(Data block begins)

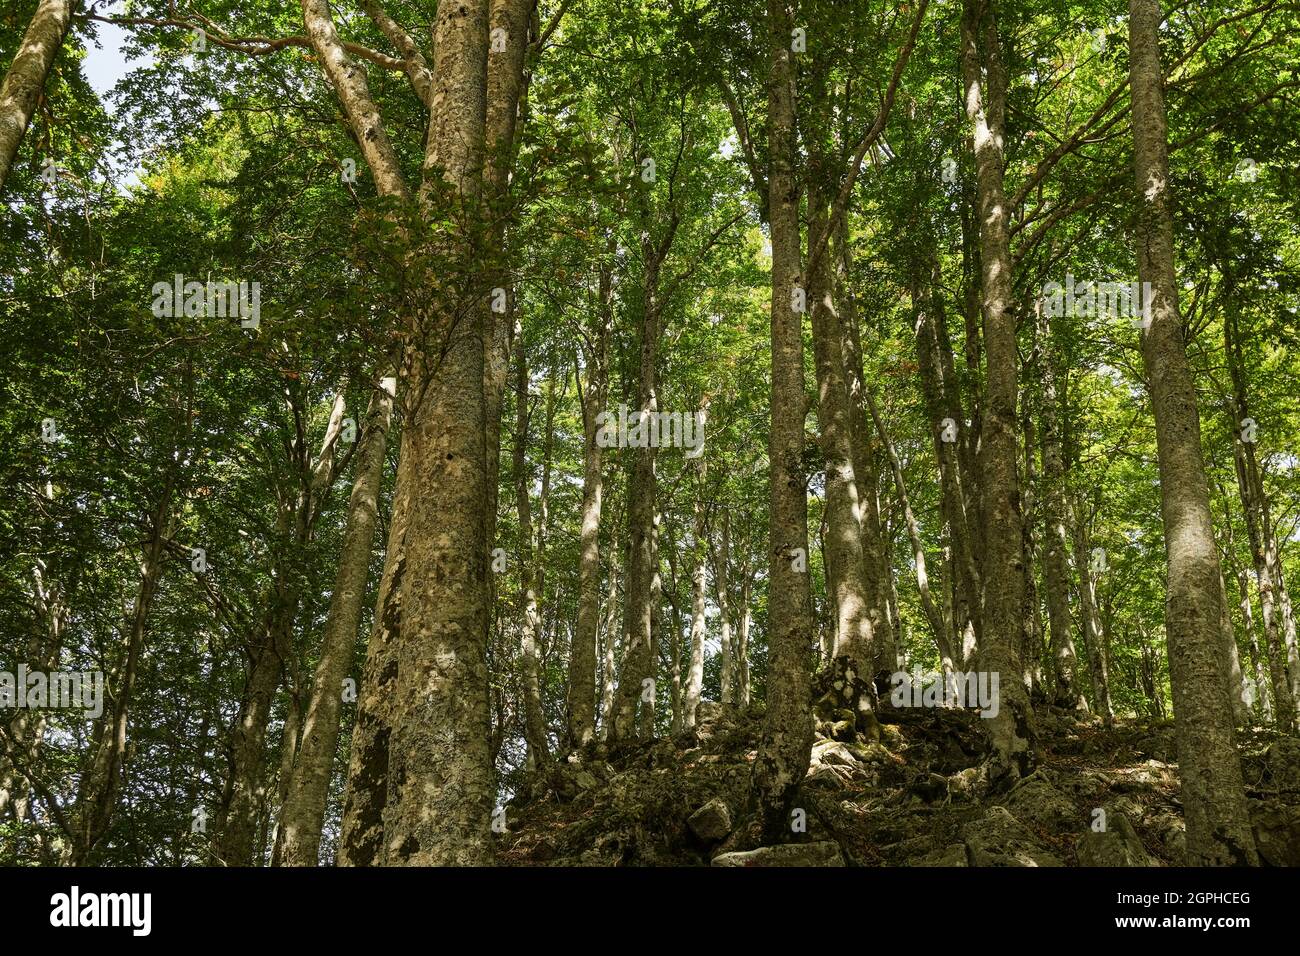 Ecosistema de bosques silvestres de haya en un paisaje natural sin procesar, fondo natural Foto de stock
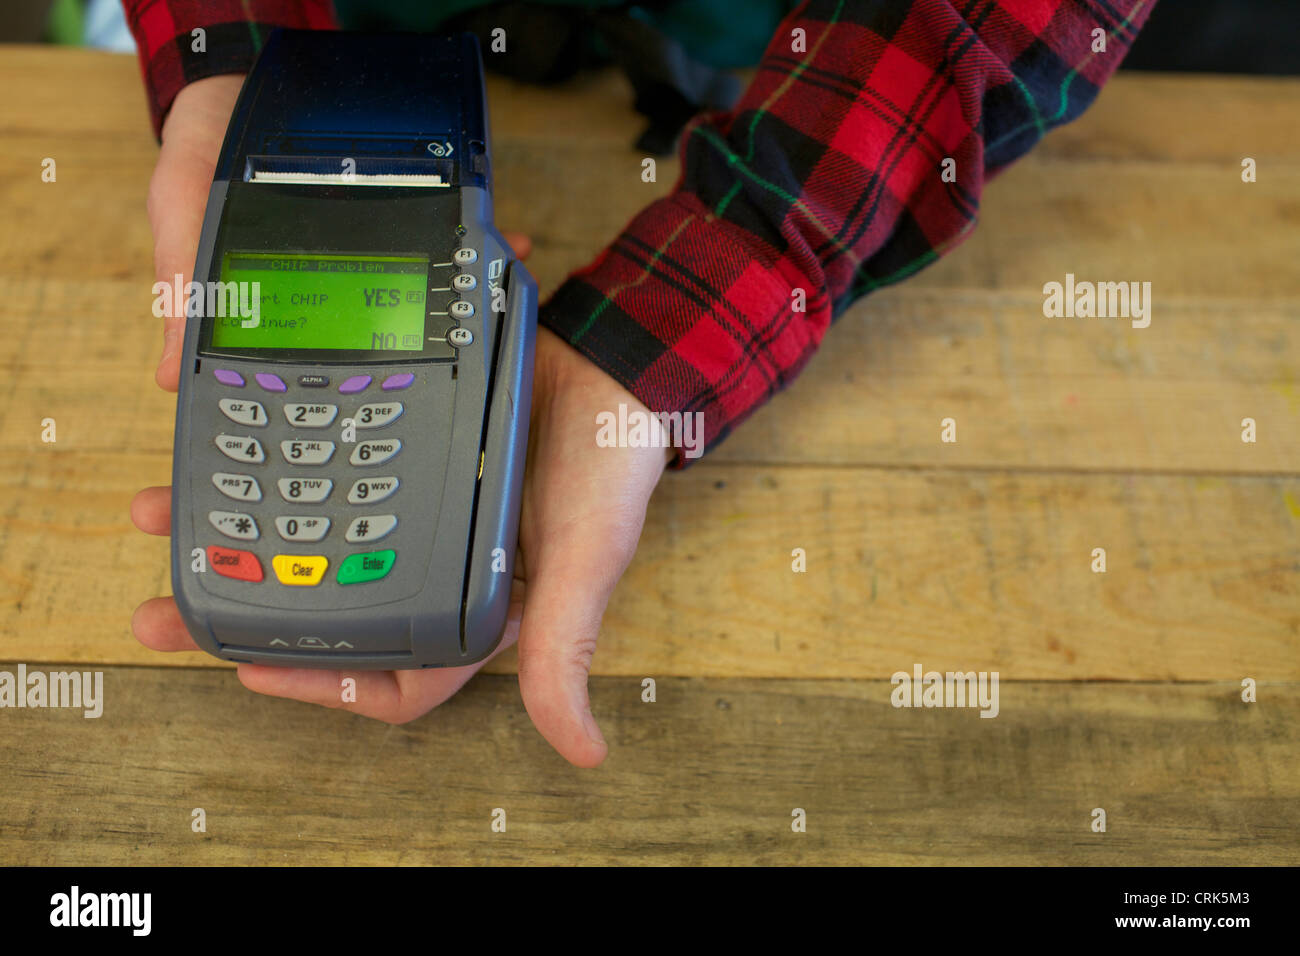 Lebensmittelhändler Besitz Kreditkarte Maschine Stockfoto
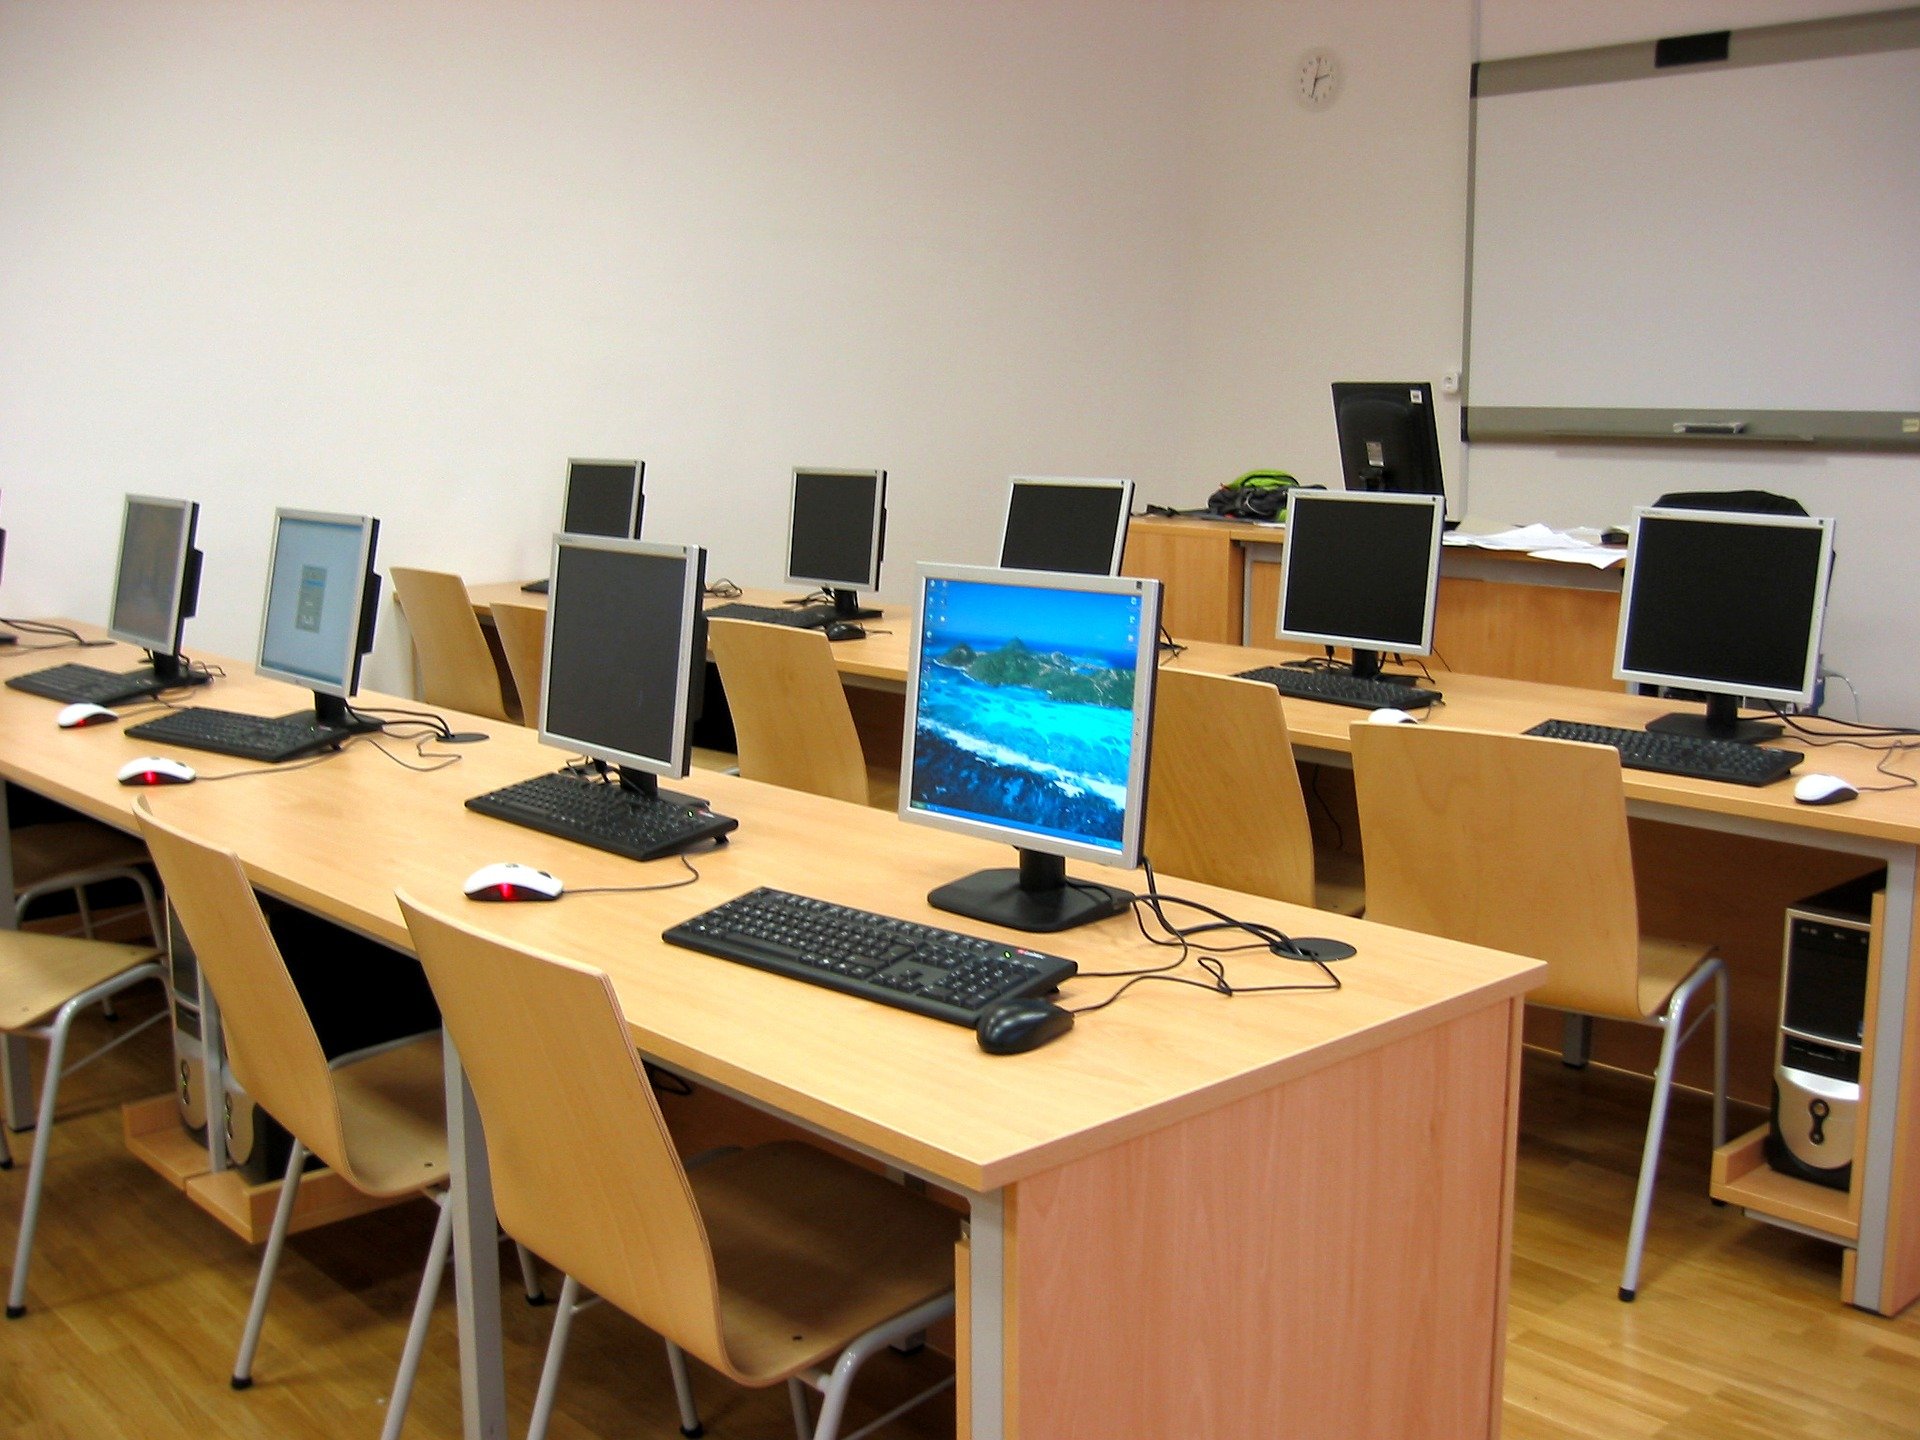 Une salle de classe informatique | Source: Pixabay

(Data block ends)

» What to do: Once the pictures are set aside, transcribe the remaining lines above exactly.

» Reply:
 Ecosistema de bosques silvestres de haya en un paisaje natural sin procesar, fondo natural Foto de stock
 Lebensmittelhändler Besitz Kreditkarte Maschine Stockfoto
 Une salle de classe informatique | Source: Pixabay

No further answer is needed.